He saw McKinney’s eyebrows shoot up. "Health protocols? JAG will have a field day."

"Let them," Stephen snapped. "Officially, we are responding to a potential contagion vector. We cannot rule out transmission. Under those conditions, I am authorized to restrict all traffic. It gives us legal cover, tactical justification, and enough gray area that the lawyers will be arguing about it for months."

He glanced at the map.

"The Valley Forge handles orbital command and control," Stephen ordered. "Edson, you maintain shield coverage over the island complex and Ashmark Landing. You run the transporter interlocks. You stay between me and the sky."

"Understood," McKinney nodded. "We're already holding hard locks on the surface."

Stephen turned to the hologram of Chen. "The Tempest takes the outer shell. Perimeter interdiction. Layered. Tight. Impossible to slip through without your permission."

Chen was already working through the tactics. Stephen could see him thinking through the calculations.

"The Gilded Hand tries to launch shuttles, you block them with hard EM barrier grids or tractor interference," Stephen continued. "They try to break orbit, you disable their engines. You do not fire first. But you make it abundantly clear that if they twitch wrong, they lose the hand."

"That's colorful," Chen said, a ghost of a smile touching his lips. "Assuming they get the metaphor."

"If they don't, you have my permission to be literal," Stephen said.

"Strategic objectives?" McKinney asked. "Lay it out for me..."

"First: Isolate the surface," Stephen listed, counting off on his fingers. "The conference complex, the Kaldari colony, every Vethari contact point, everything goes dark except for authorized Starfleet traffic. I need time to work the crime scene without Sella Tharn landing a retrieval team on my head."

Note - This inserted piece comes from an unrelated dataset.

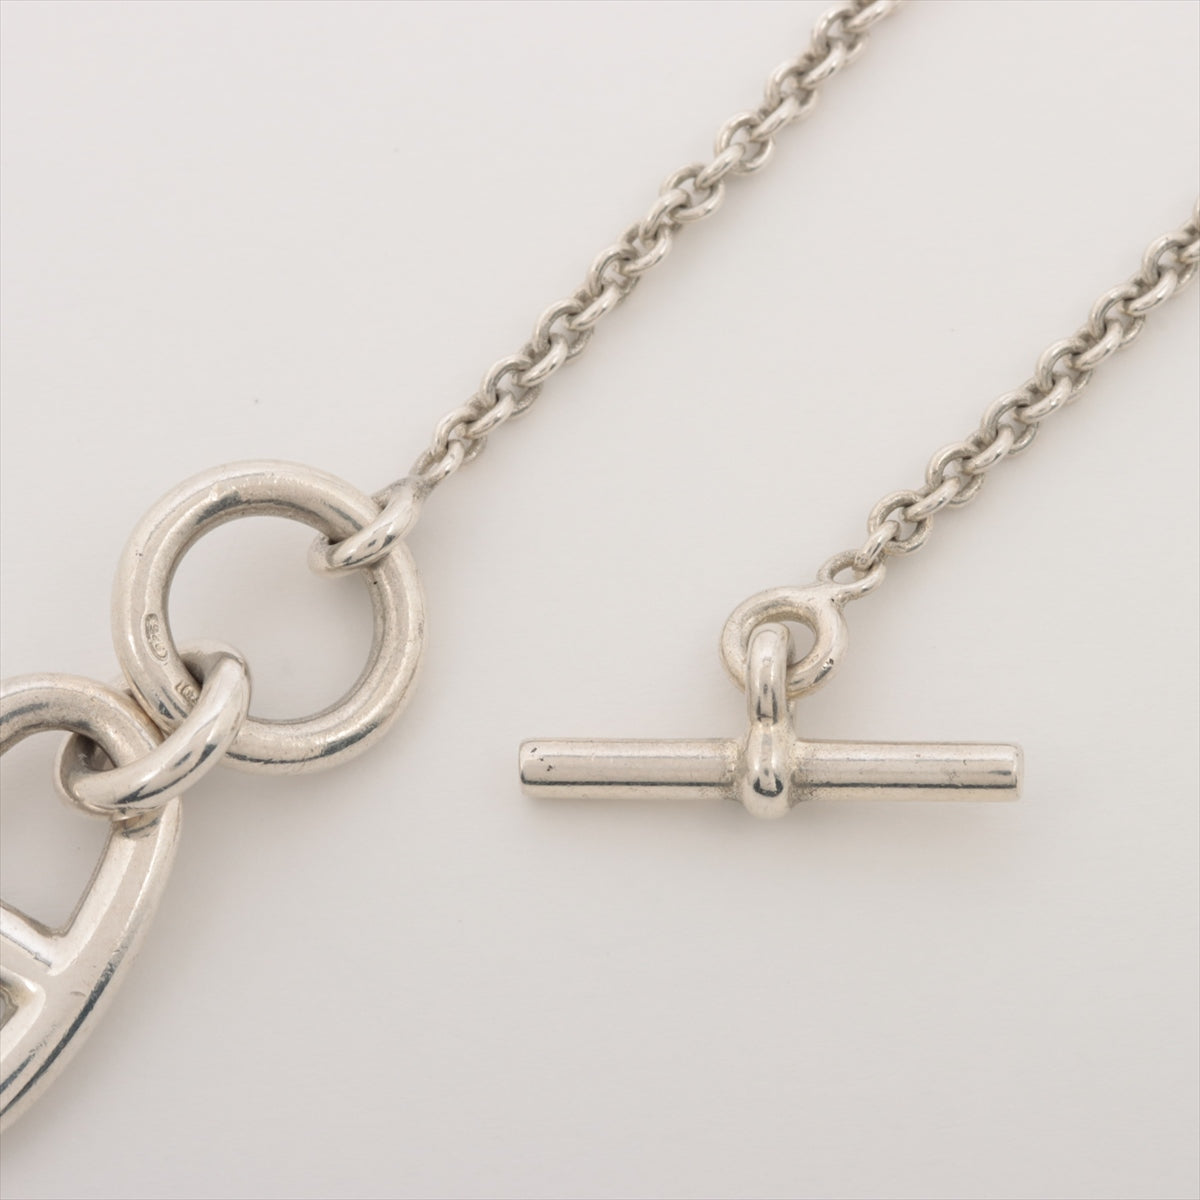 Hermès Chaîne d'Ancre Amulet Necklace 925 9.3g Silver

"Second: Recalibrate the predator hierarchy," Stephen said, looking directly at Chen. "The Vethari came to Tavrik III, assuming they were dealing with a single support cruiser. They think they can bully the Valley Forge because Edson is split between planetary support and logistics."

"They're not used to two ships on the board," Chen noted. "They're not used to a hunter that doesn't have anything to defend except a kill box."

"Exactly. Show them that assumption was a mistake."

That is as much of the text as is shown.